Abstract:Automated segmentation of cancer on medical images can aid targeted diagnostic and therapeutic procedures. However, its adoption is limited by the high cost of expert annotations required for training and inter-observer variability in datasets. While weakly-supervised methods mitigate some challenges, using binary histology labels for training as opposed to requiring full segmentation, they require large paired datasets of histology and images, which are difficult to curate. Similarly, promptable segmentation aims to allow segmentation with no re-training for new tasks at inference, however, existing models perform poorly on pathological regions, again necessitating large datasets for training.
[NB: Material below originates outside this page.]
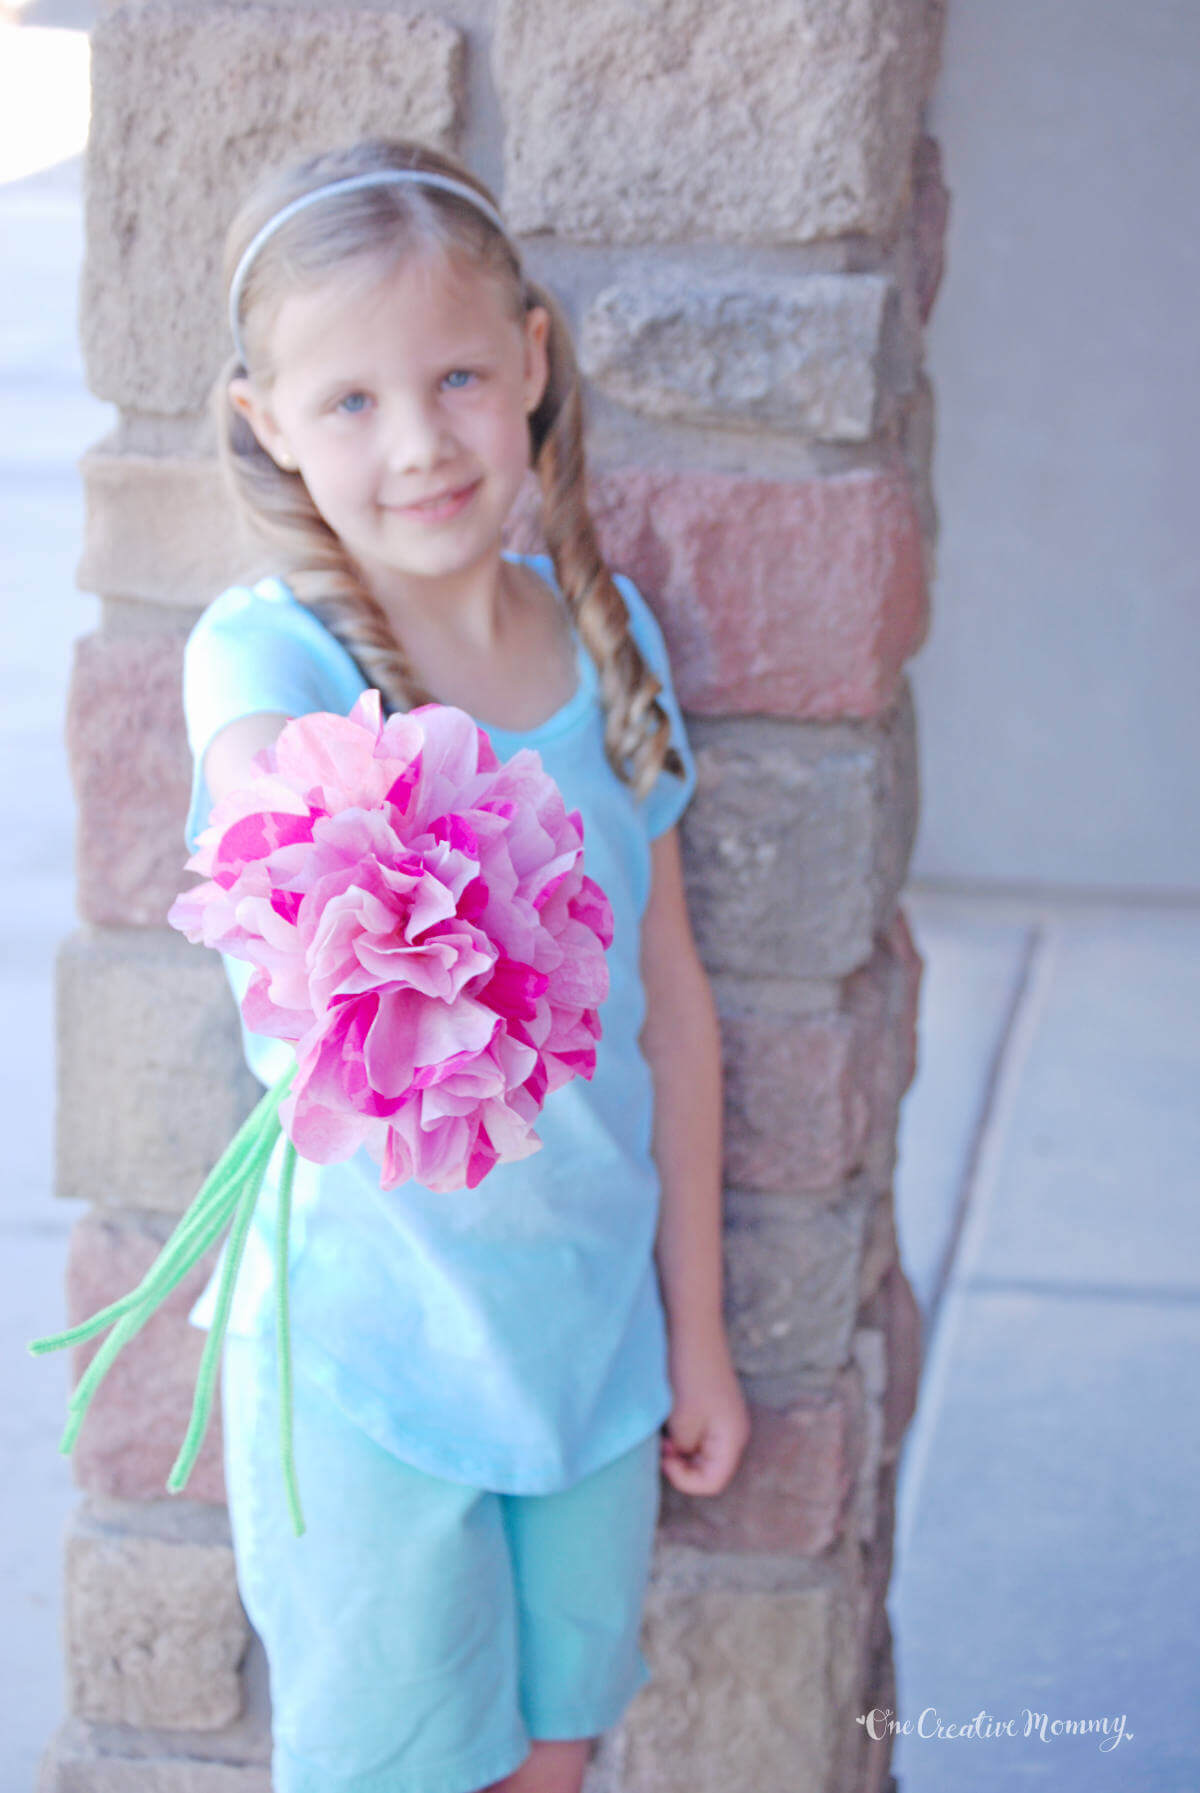 A little girl wearing light blue shorts and t-shirt stands in front of a brick pillar. She is smiling and holding a bouquet of pink coffee filter flowers with green chenille stems out toward the camera.

In this work we propose a novel approach for promptable segmentation requiring only 24 fully-segmented images, supplemented by 8 weakly-labelled images, for training. Curating this minimal data to a high standard is relatively feasible and thus issues with the cost and variability of obtaining labels can be mitigated. By leveraging two classifiers, one weakly-supervised and one fully-supervised, our method refines segmentation through a guided search process initiated by a single-point prompt. Our approach outperforms existing promptable segmentation methods, and performs comparably with fully-supervised methods, for the task of prostate cancer segmentation, while using substantially less annotated data (up to 100X less). This enables promptable segmentation with very minimal labelled data, such that the labels can be curated to a very high standard.